I am trying to simulate some dynamic models using SciPy.
I have model definition:
def model(y, t, control_signal):
dy/dt = some_function_of_time_and_y
return dy
I defined list of timestamps at which I want to simulate model: t_list=np.linspace(0, 5, 100)
. I would like to simulate model using control_signal
values defined for each timestamp. I tried to achieve so by using:
controls = [list_of_values]
scipy.integrate.odeint(model, 0, t_list, args=(controls))
But I get The size of the array returned by func (5) does not match the size of y0 (1).
Seems like
my controls
is interpreted as states of model, not inputs in each timestamp. How I can pass controls
as values for each timestamp?
Thanks!
In scipy.interpolate.interp1d
you can define the interpolation mode as "zero-hold" or order 0 spline, that is, piecewise constant, with `kind="zero". Use that to define the time dependency of your control.
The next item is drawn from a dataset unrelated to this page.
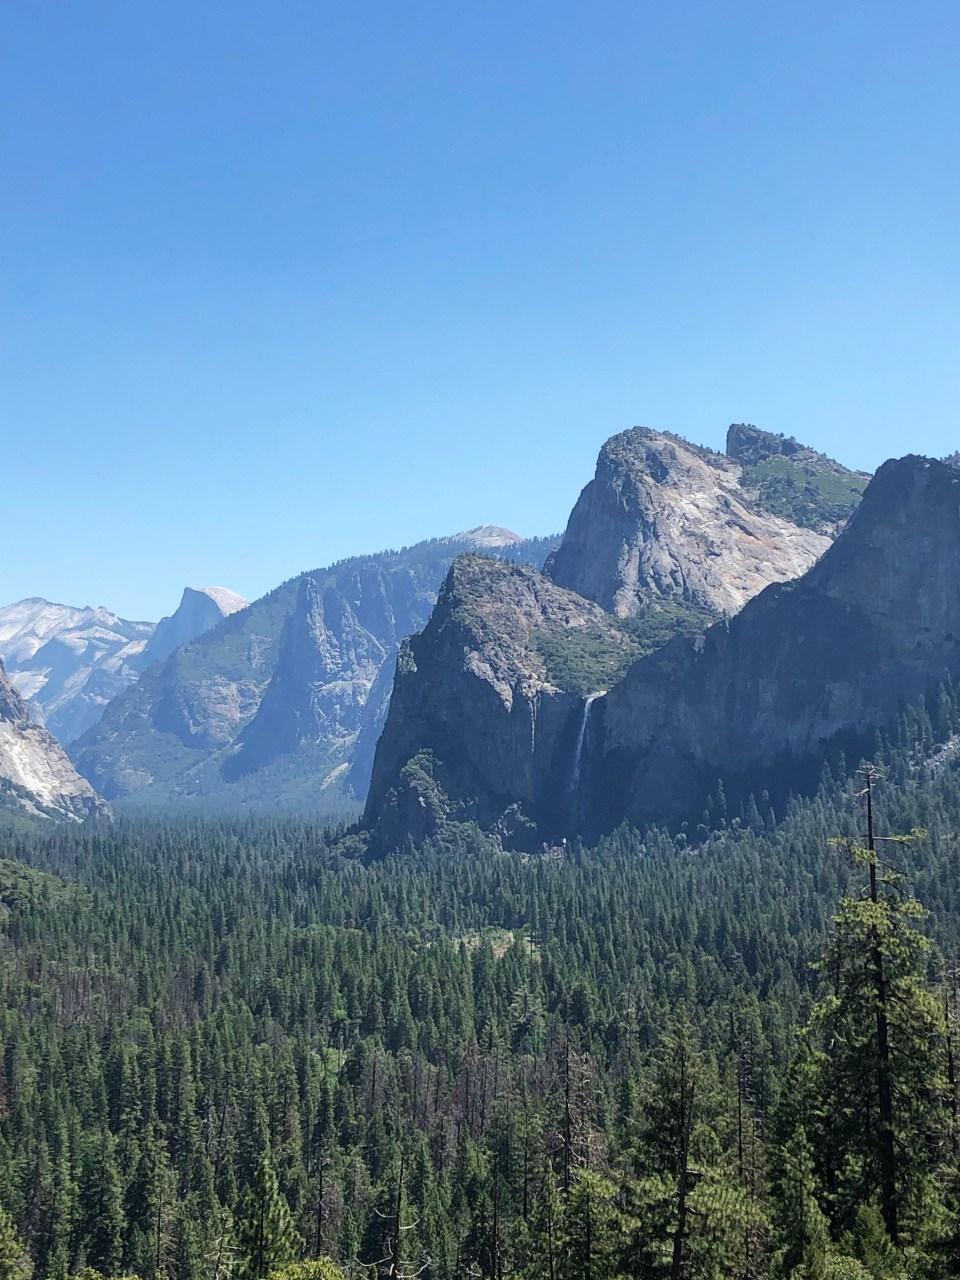 Yosemite National Park - Bridalveil

contfunc = interp1d(t_list,control, kind="zero");
def model(y, t, control_signal):
u = contfunc(t);
dydt = some_function_of_time_and_y_and_u
return dydt
The dimension error might be a different issue. To debug that, either use a debugger if available or add print statements for the size/shape of inputs and outputs. State and derivative should be flat arrays of the same size.
Do not forget to set the maximal time step to smaller than the step size of the control, it should not matter but could be a source for strange errors.